The lecture is part of the current ICI Lecture Series ERRANS, environ/s. There is hardly a discipline, field, or discourse within the natural and social sciences nor the humanities that hasn’t long been touched and transformed by the notions of milieu, environment, or Umwelt. The recent revival and proliferation of ecological discourses can be understood, at least in part, as a response to the increasingly complete immersion in technologically in-formed environments.
The transdisciplinary impact of these new concepts has not yet been captured, nor is it clear that it can be captured, but while the life sciences play a prominent role in them (having adopted, in the 19th century, concepts from physics and transgressed into the social sciences, for example, as racist discourses and social Darwinism), they don’t operate as the leading science in this transformation. Instead, this process appears to be a multidirectional, non-hierarchizable, and errant movement, itself constituting a complex ecology of knowledge.

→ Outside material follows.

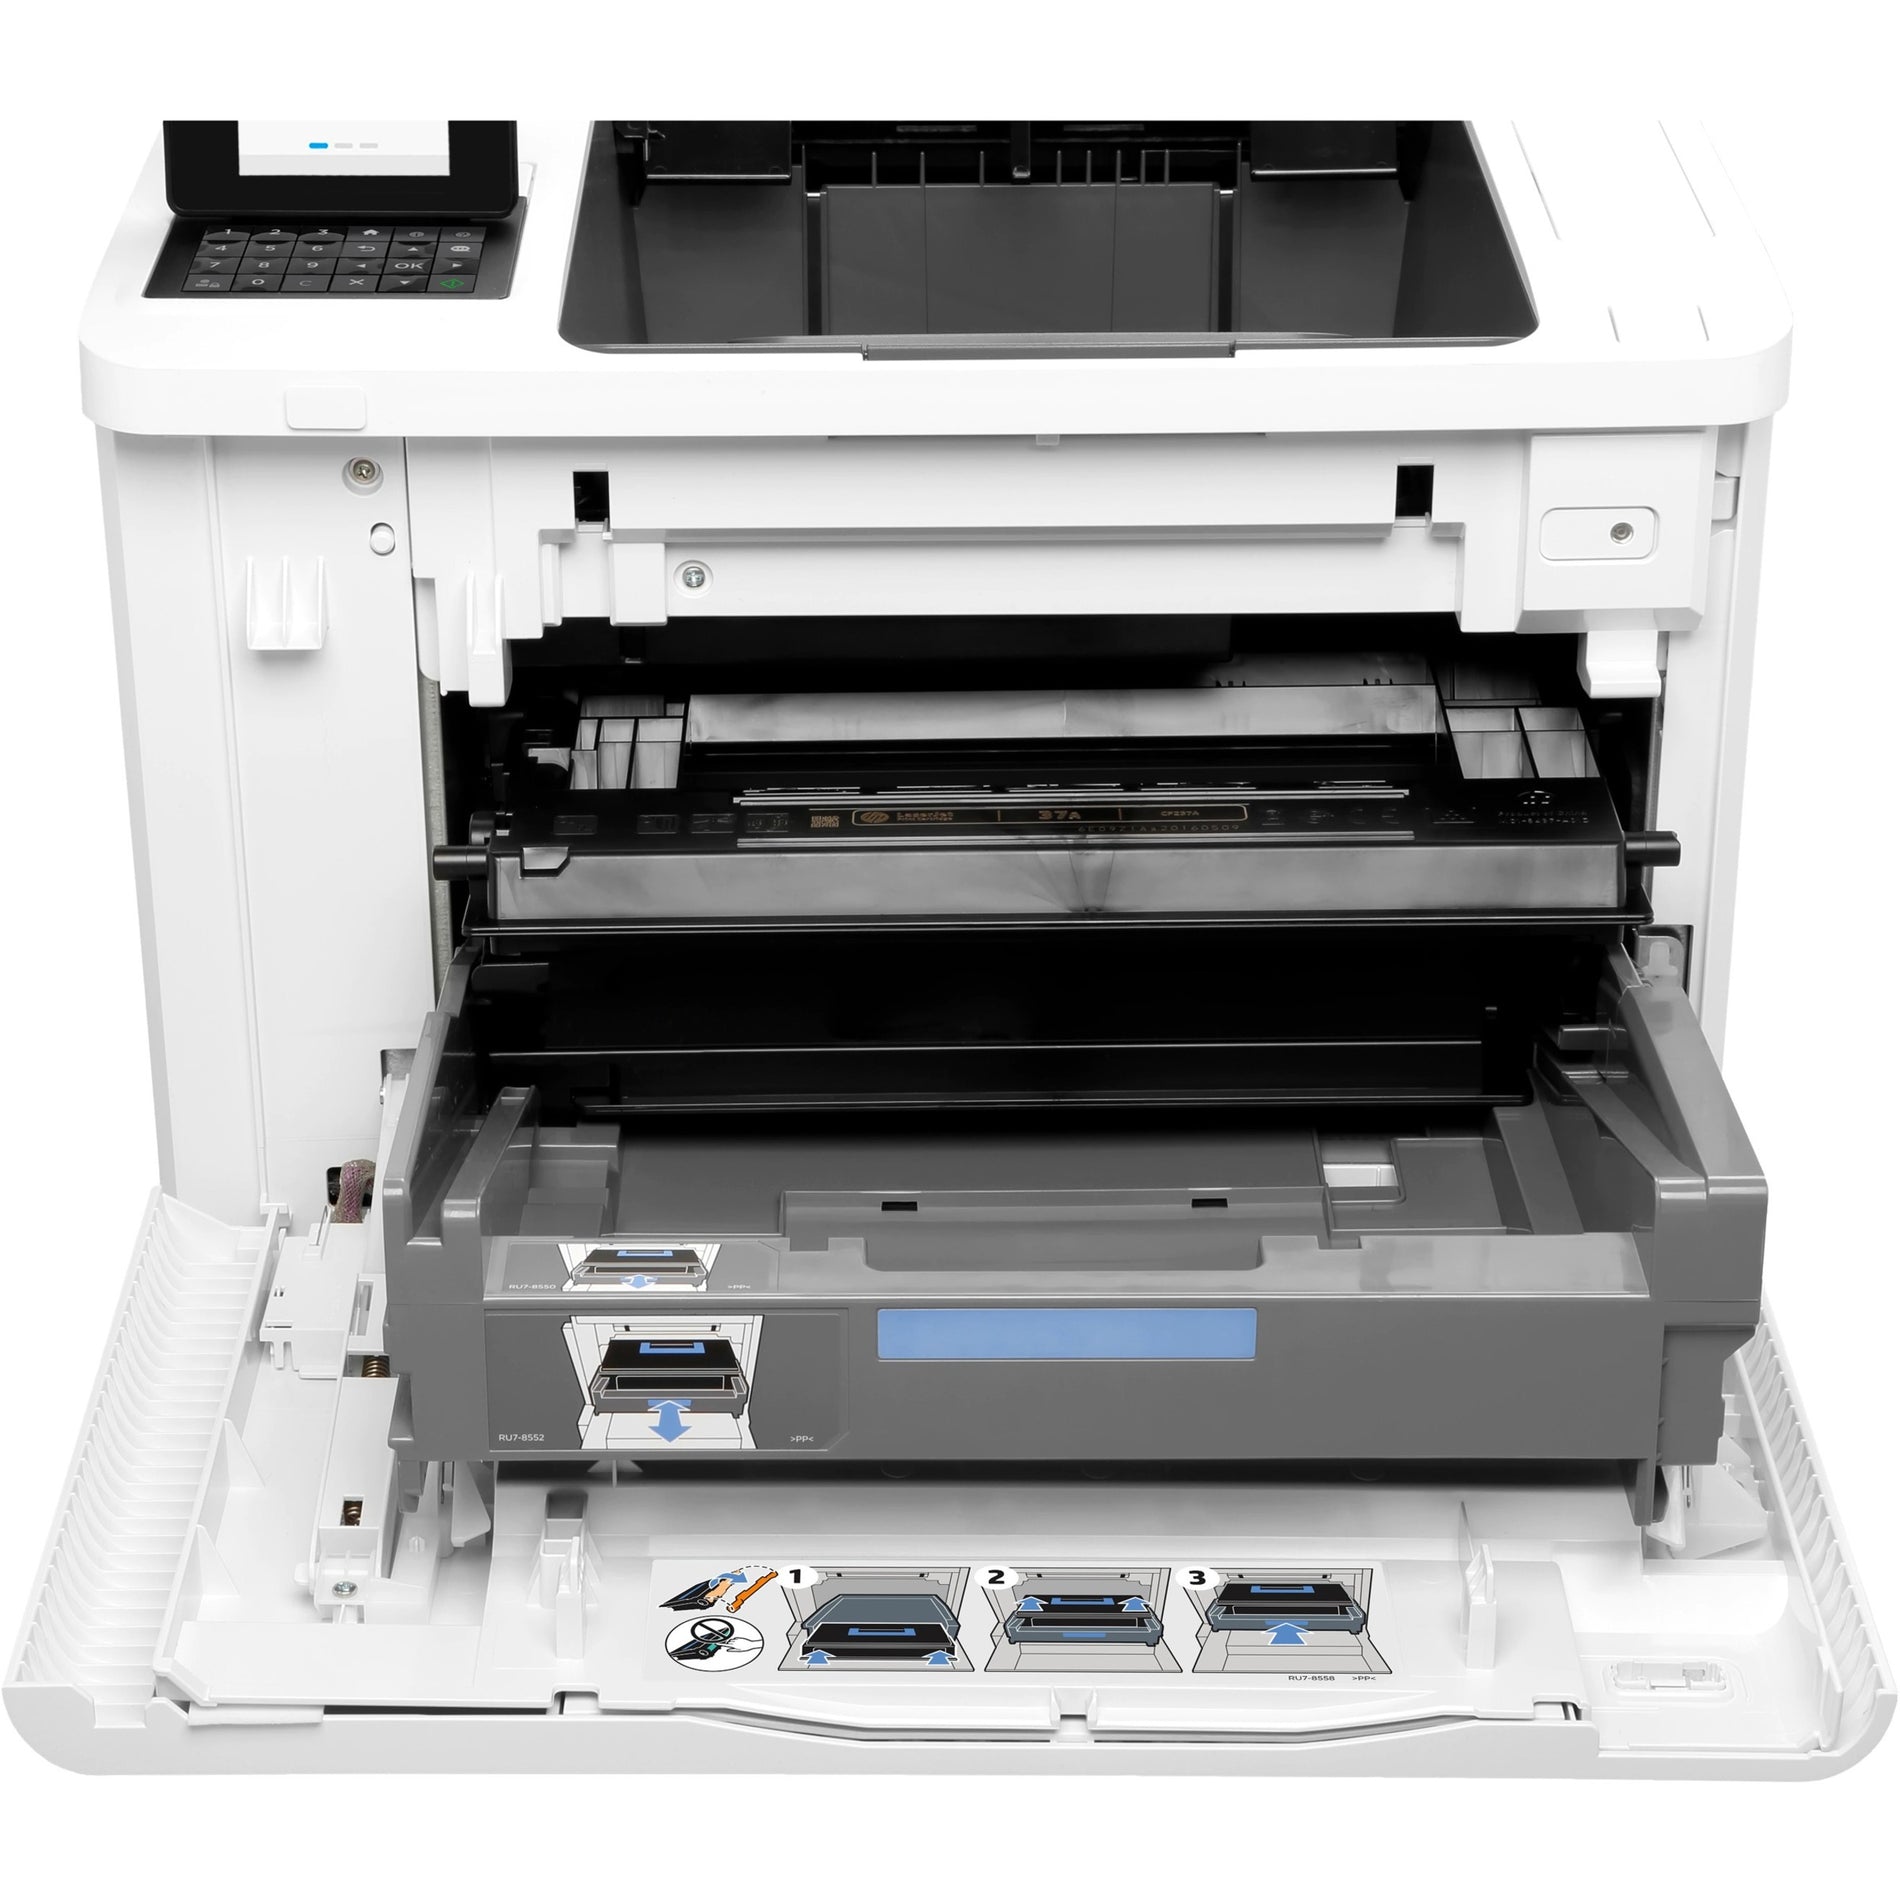 HP LaserJet M608 M608n Desktop Laser Printer - Monochrome (K0Q17A#BGJ)
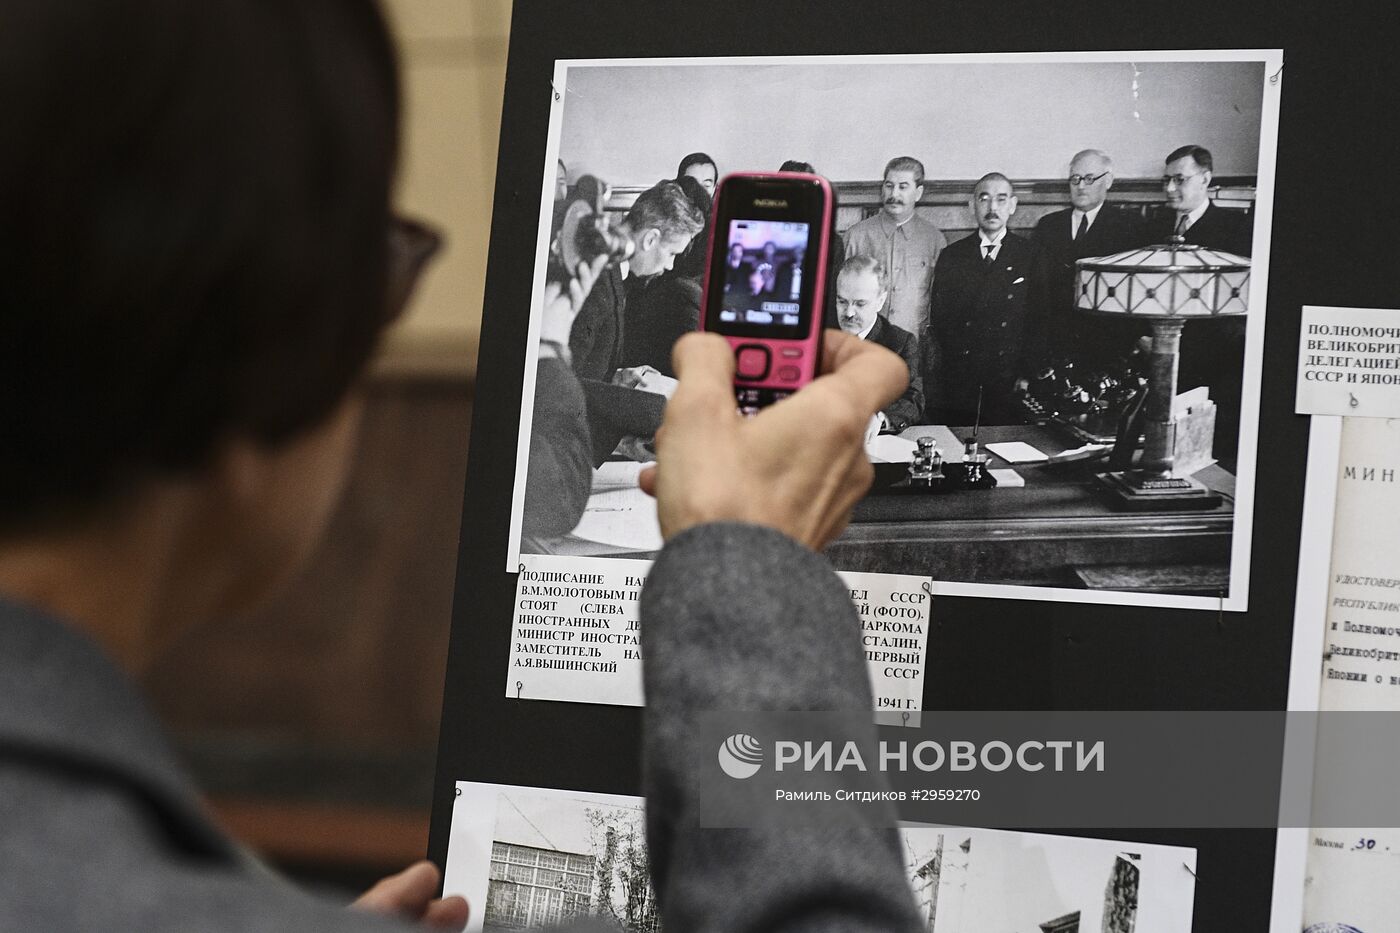 Открытие выставки по случаю 60-летия установления дипотношений между Россией (СССР) и Японией

ERRANS environ/s contemplates aspects of this frequently divergent, potentially errant, and certainly ongoing transformation of not only the sciences or cultures of knowledge, but also cultural and artistic production at large. It will investigate the ways in which an attention to environments can have the effect of dissolving boundaries or making them permeable, questioning clear-cut distinctions, undermining naive ontologies, decentring the subject, folding nature and culture, and producing complex political ecologies attuned to far-reaching entanglements.